* _DATASET SECTION_:
____

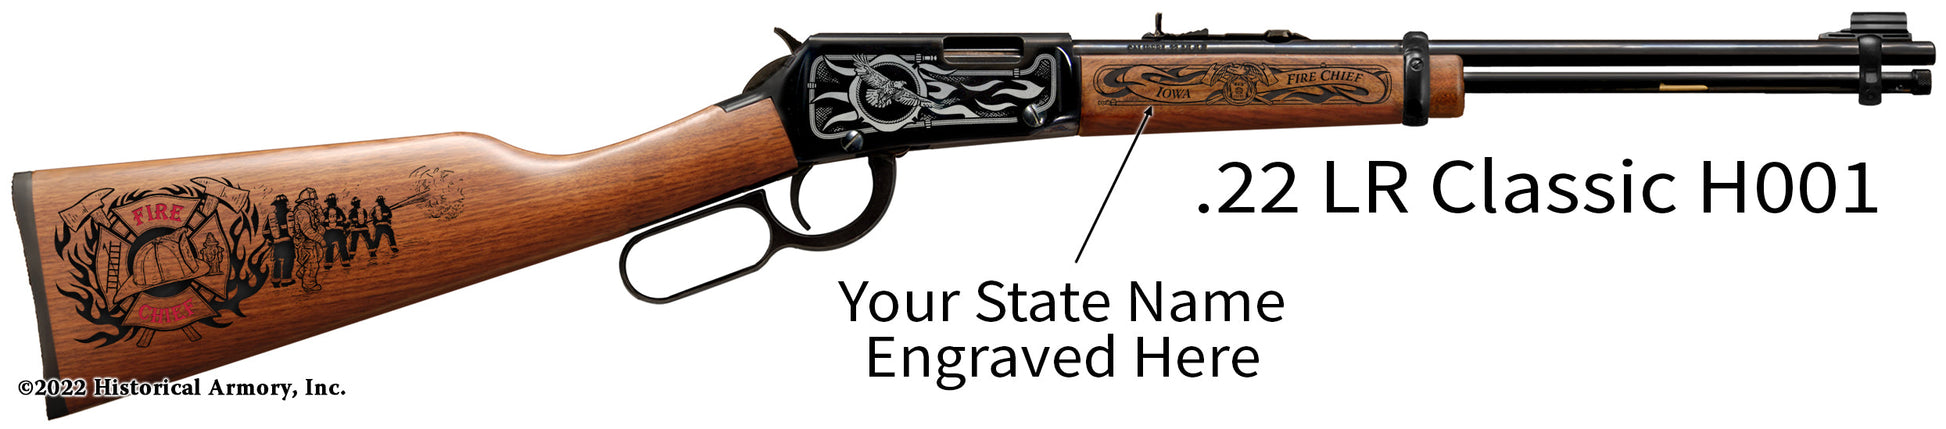 Fire Chief Engraved Rifle Limited Edition
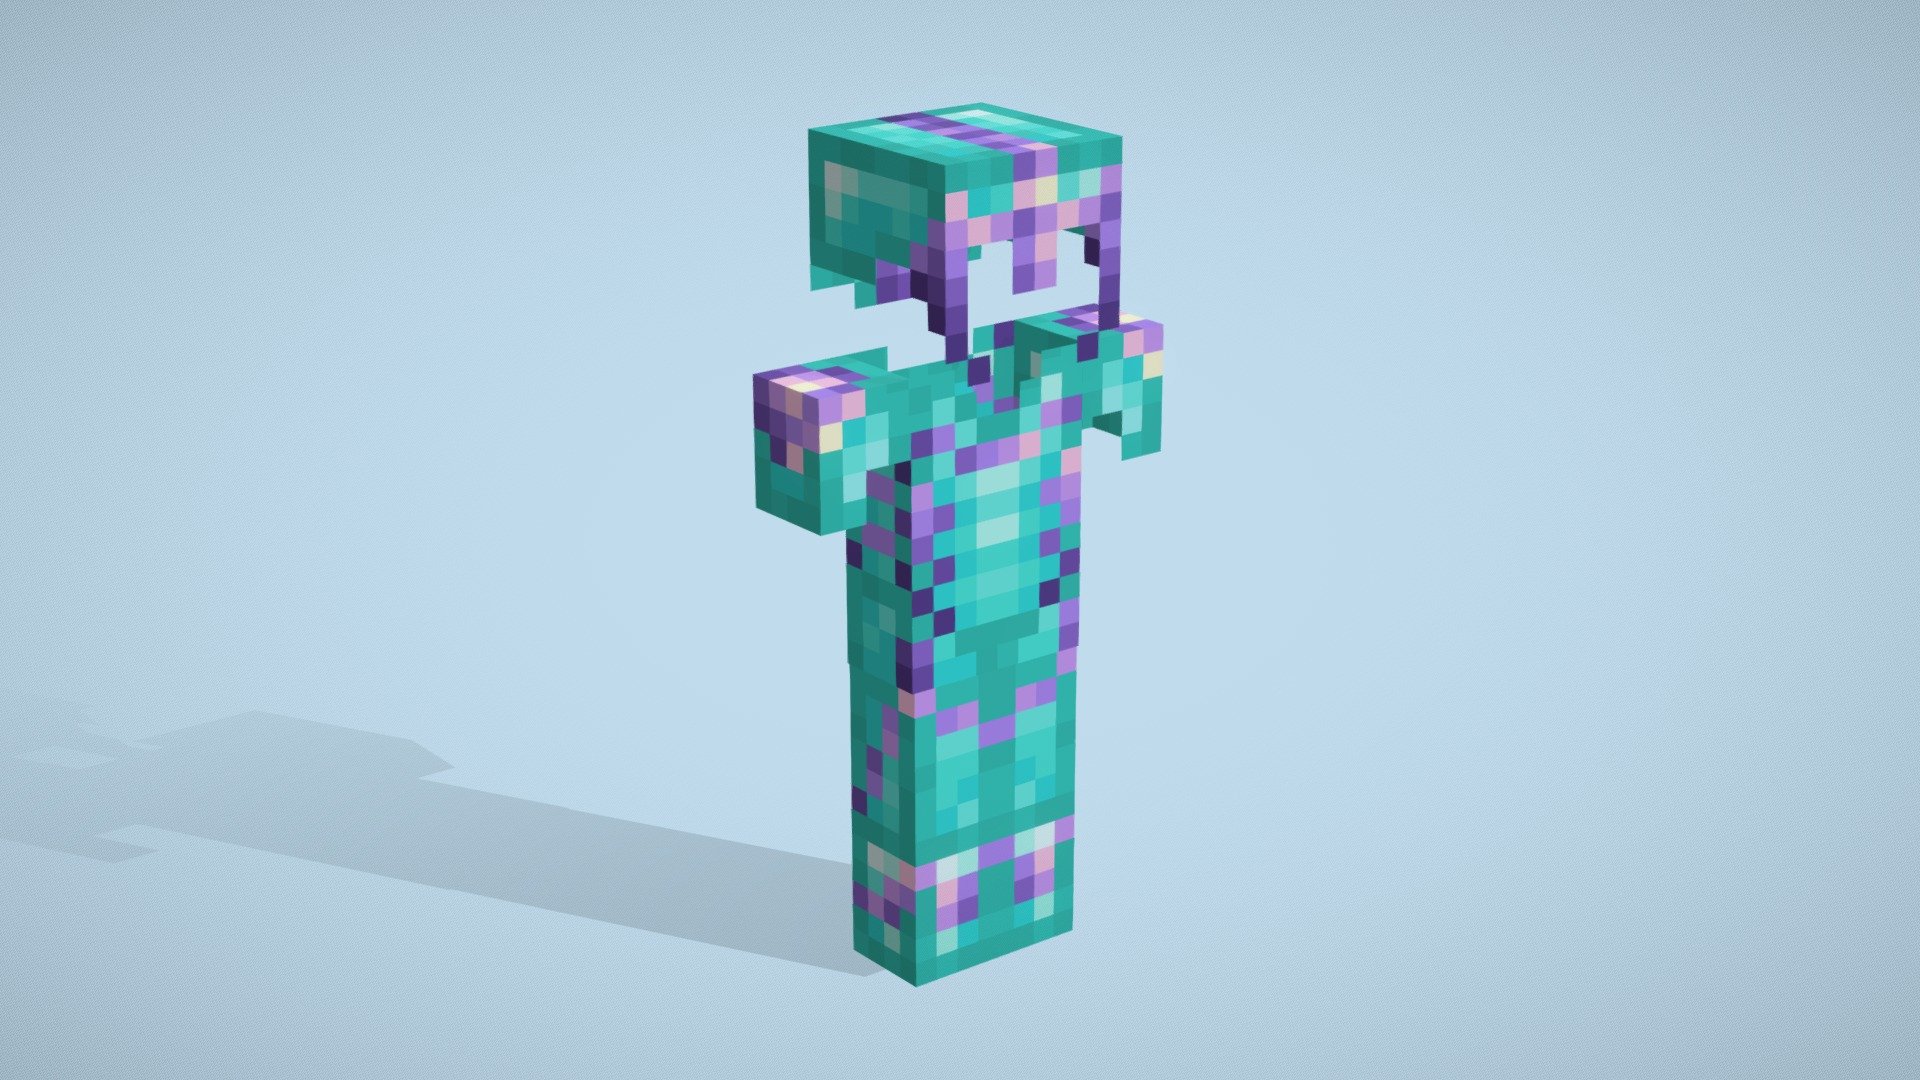 An armor that is part of an Add on available on Minecraft Bedrock, this, extends and improves existing mechanics with amethyst, adding magical properties, rings, decoration, armor, tools. Etc, balanced.

Available on MCPEDL

User: @Vadcon09 - Amethyst Armor | Add-on Minecraft - 3D model by frederick09 3d model

____

* _EXERCISE BRIEF_: Reproduce word for word the lines running from the line with "An armor that" through the end of the data, both included, and nothing else; leave out the pictures.

* _REPLY TO THE EXERCISE_:
 An armor that is part of an Add on available on Minecraft Bedrock, this, extends and improves existing mechanics with amethyst, adding magical properties, rings, decoration, armor, tools. Etc, balanced.

Available on MCPEDL

User: @Vadcon09 - Amethyst Armor | Add-on Minecraft - 3D model by frederick09 3d model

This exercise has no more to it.